CalPERS Chooses Not to Follow the Chamber’s Advice on Transparency

Last year (coincidentally, almost to the day), this blog was all atwitter (you’re following us, right?) about CalPERS’ announcement that it would now require contractors to reveal whether they are using placement agents to seek business with the pension fund. Now, one year later, CalPERS has announced that its governing board approved new corporate governance principles calling upon corporations to detail all yearly political and charitable donations — including those made through trade associations and tax-exempt groups.

As we have noted, the pressures faced by CalPERS to respond to recent Supreme Court authority allowing unfettered corporate independent expenditures, are not at all unique. Transparency advocates are rightfully concerned about an environment in which secret corporate and union political advocacy can possibly run amok. Here, the revisions to the CalPERS guidelines were sought by California State Treasurer Bill Lockyer, a Democrat and member of the CalPERS governing board. In his letter calling for action, Treasurer Lockyer noted (without apparent empirical or anecdotal support) that a lack of transparency harms “corporate value” and that:

Increasingly, corporations are using [trade associations and tax exempt groups] in an attempt to cloak massive political spending in secrecy through “independent expenditure” campaigns, many of which are notorious for making unfair and unfounded personal attacks with which no company or its investors would want to be publicly associated.

The California Chamber of Commerce was not amused:

The new proposed policy amounts to “forcing publicly held corporations to show their competitors and political adversaries their political investment strategy, without receiving the same information in return,” Barrera said.

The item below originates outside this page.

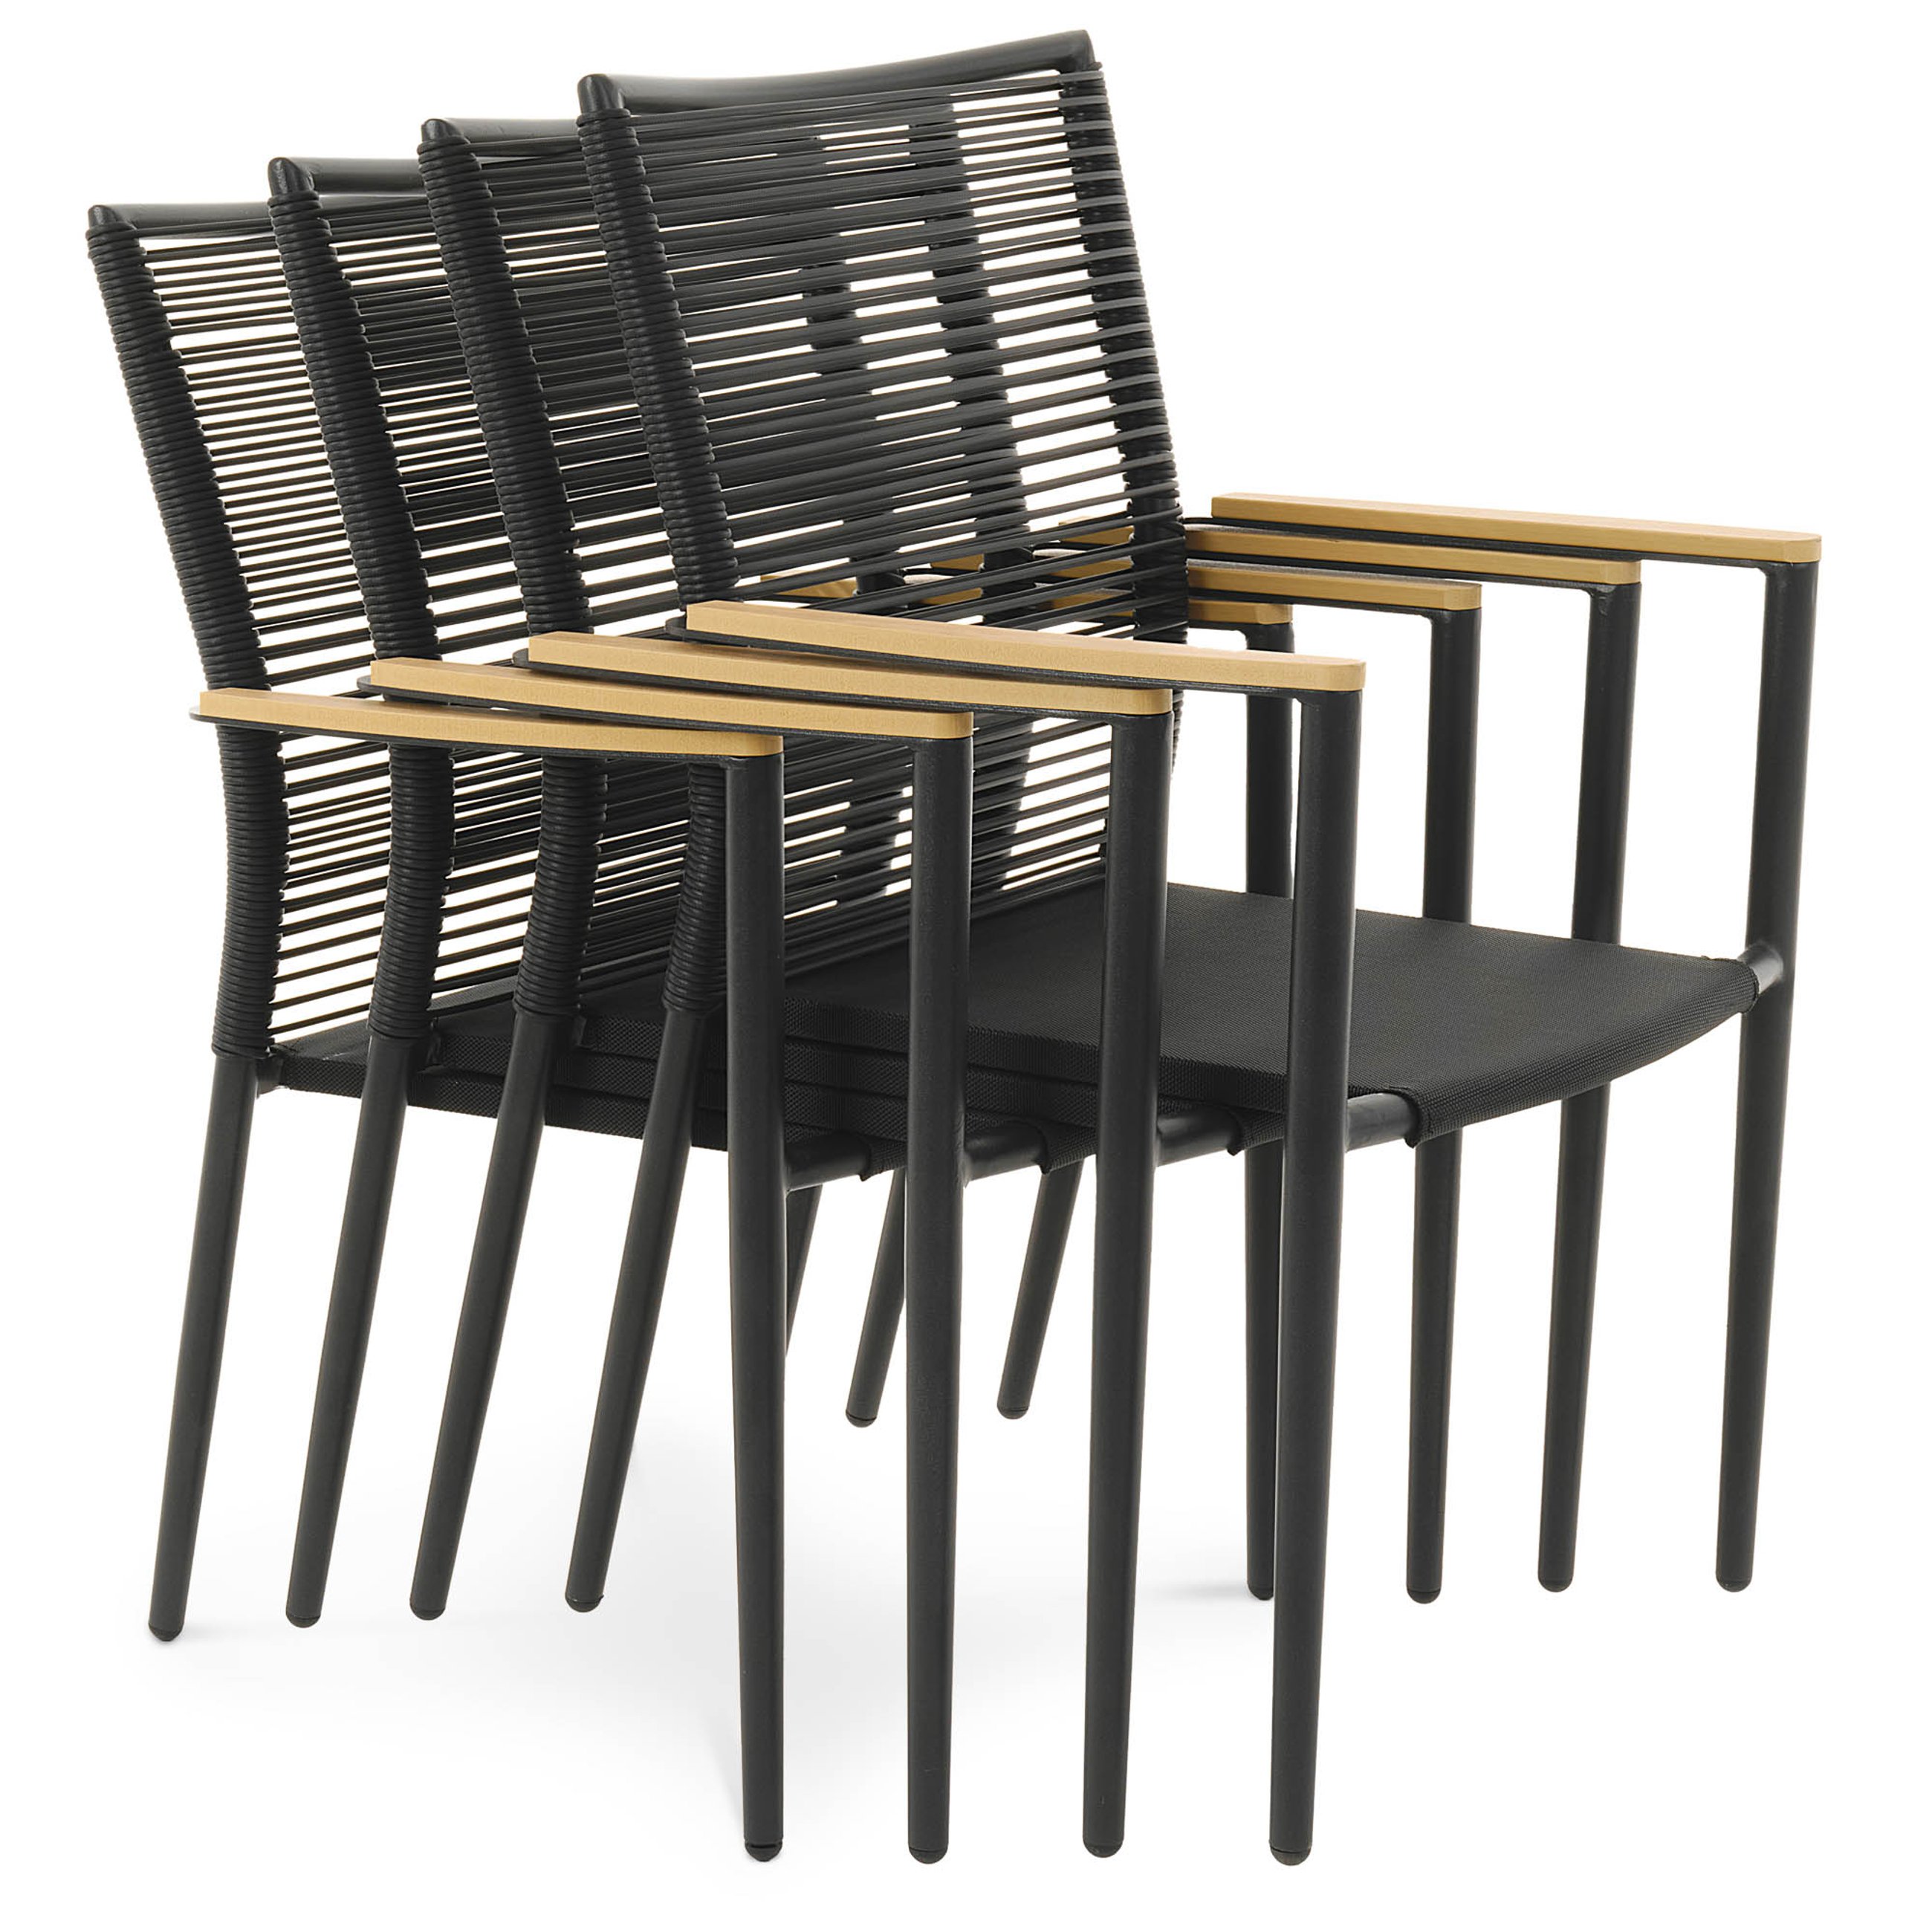 Możliwość sztaplowania krzeseł Asti z beżowymi podłokietnikami w ilości 4 sztuki

The CalChamber is leading a coalition to oppose the change to the corporate governance principles, specifically the section dealing with charitable and political contributions. In a letter to CalPERS, the coalition noted that the new section “is an unfair and discriminatory mandate on corporate boards of directors, designed to chill the ability of businesses to defend themselves from political attacks by competitors, overzealous regulators, labor unions or no-growth advocates.”

If the publicly traded companies are unable to defend themselves against the political attacks of their adversaries, the proposal will have massive unintended consequences for the very people CalPERS is obligated to protect and support.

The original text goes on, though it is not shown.